**Source material:**
Content starts
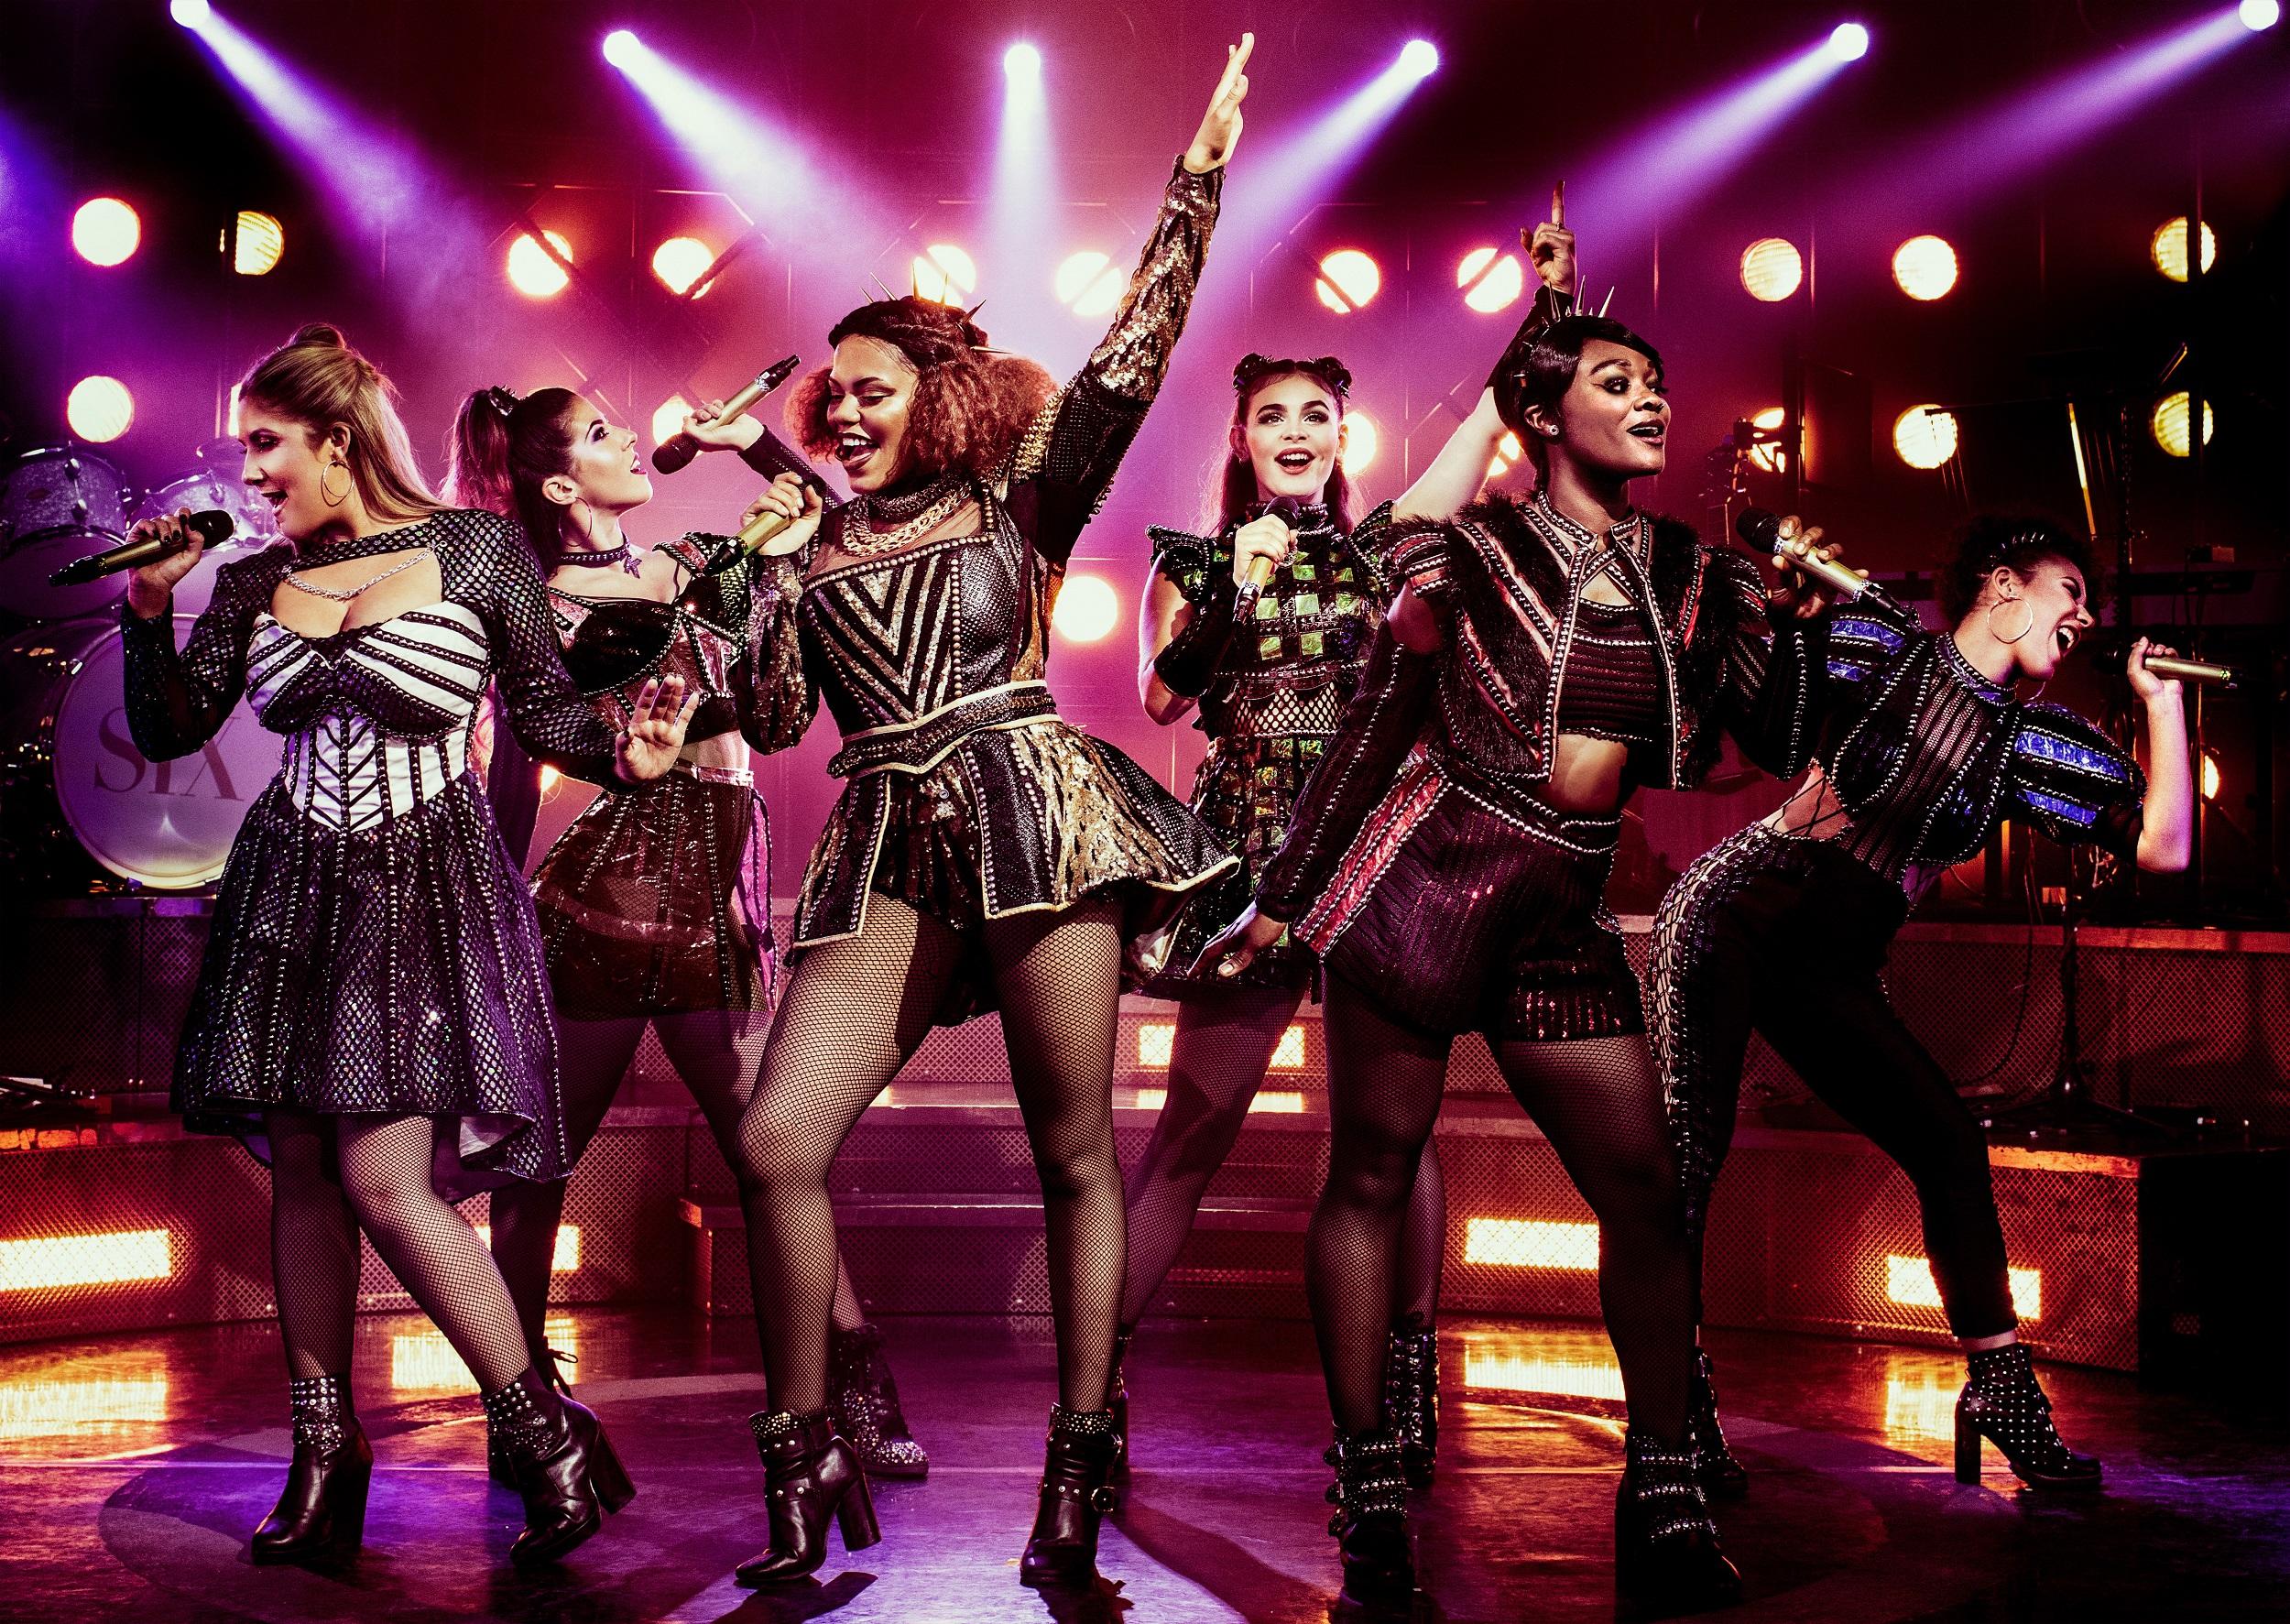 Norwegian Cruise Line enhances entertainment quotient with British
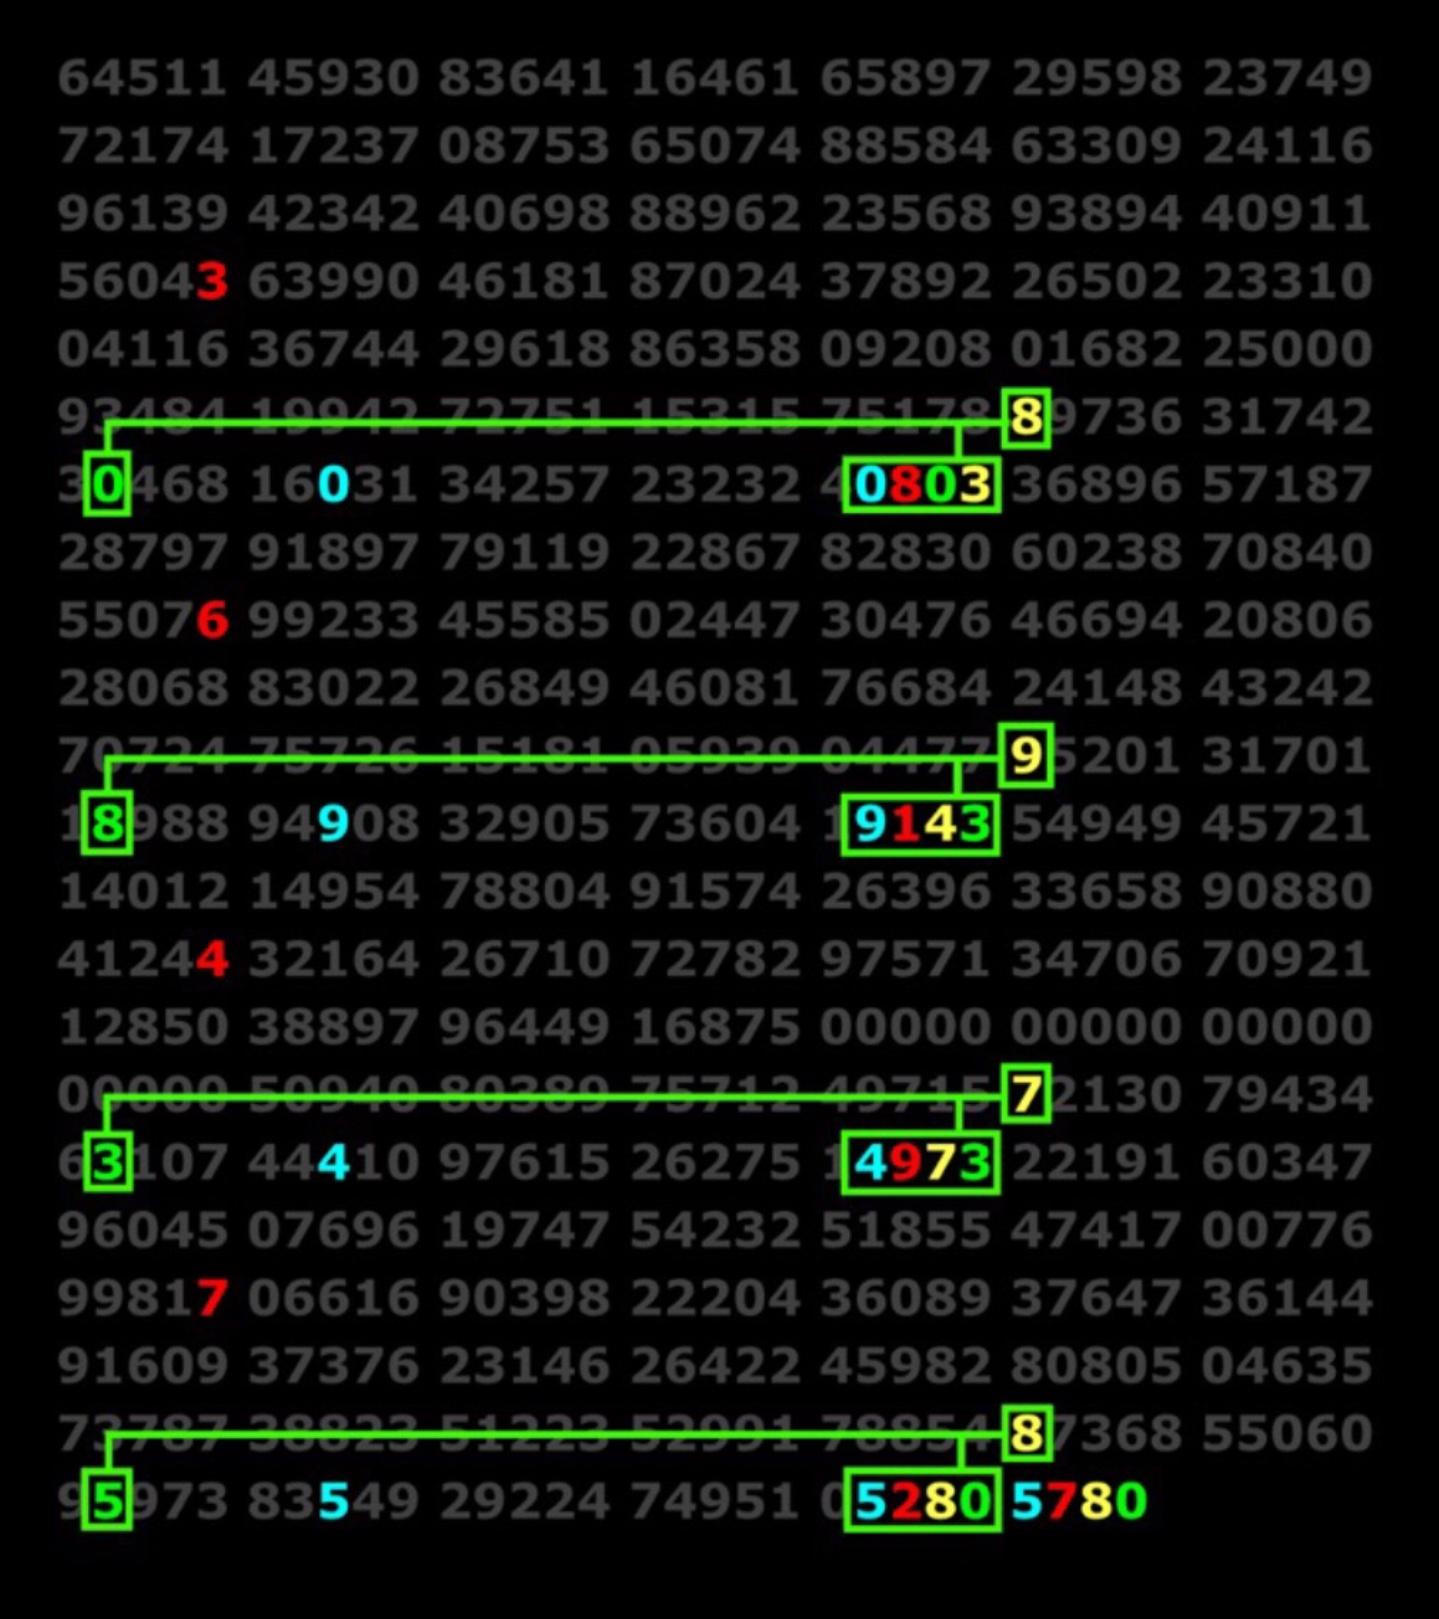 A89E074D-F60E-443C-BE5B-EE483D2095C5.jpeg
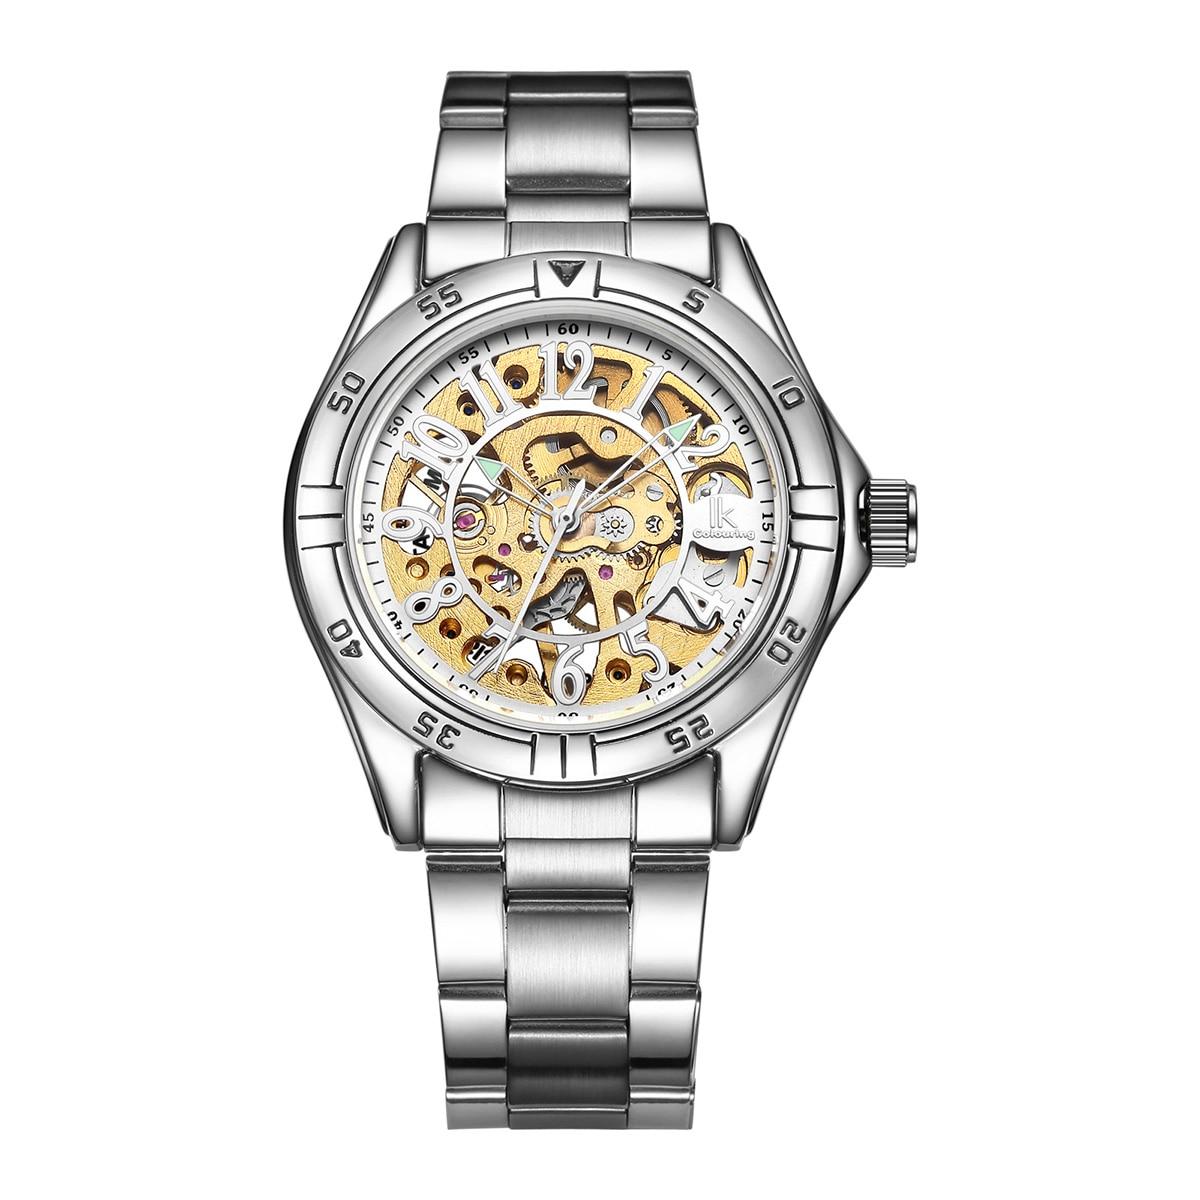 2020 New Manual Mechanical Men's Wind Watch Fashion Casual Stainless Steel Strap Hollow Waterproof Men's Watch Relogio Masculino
Content ends
All of the material above is to be retyped verbatim, with its pictures omitted.

**Reply to the exercise:**
 Norwegian Cruise Line enhances entertainment quotient with British
 A89E074D-F60E-443C-BE5B-EE483D2095C5.jpeg
 2020 New Manual Mechanical Men's Wind Watch Fashion Casual Stainless Steel Strap Hollow Waterproof Men's Watch Relogio Masculino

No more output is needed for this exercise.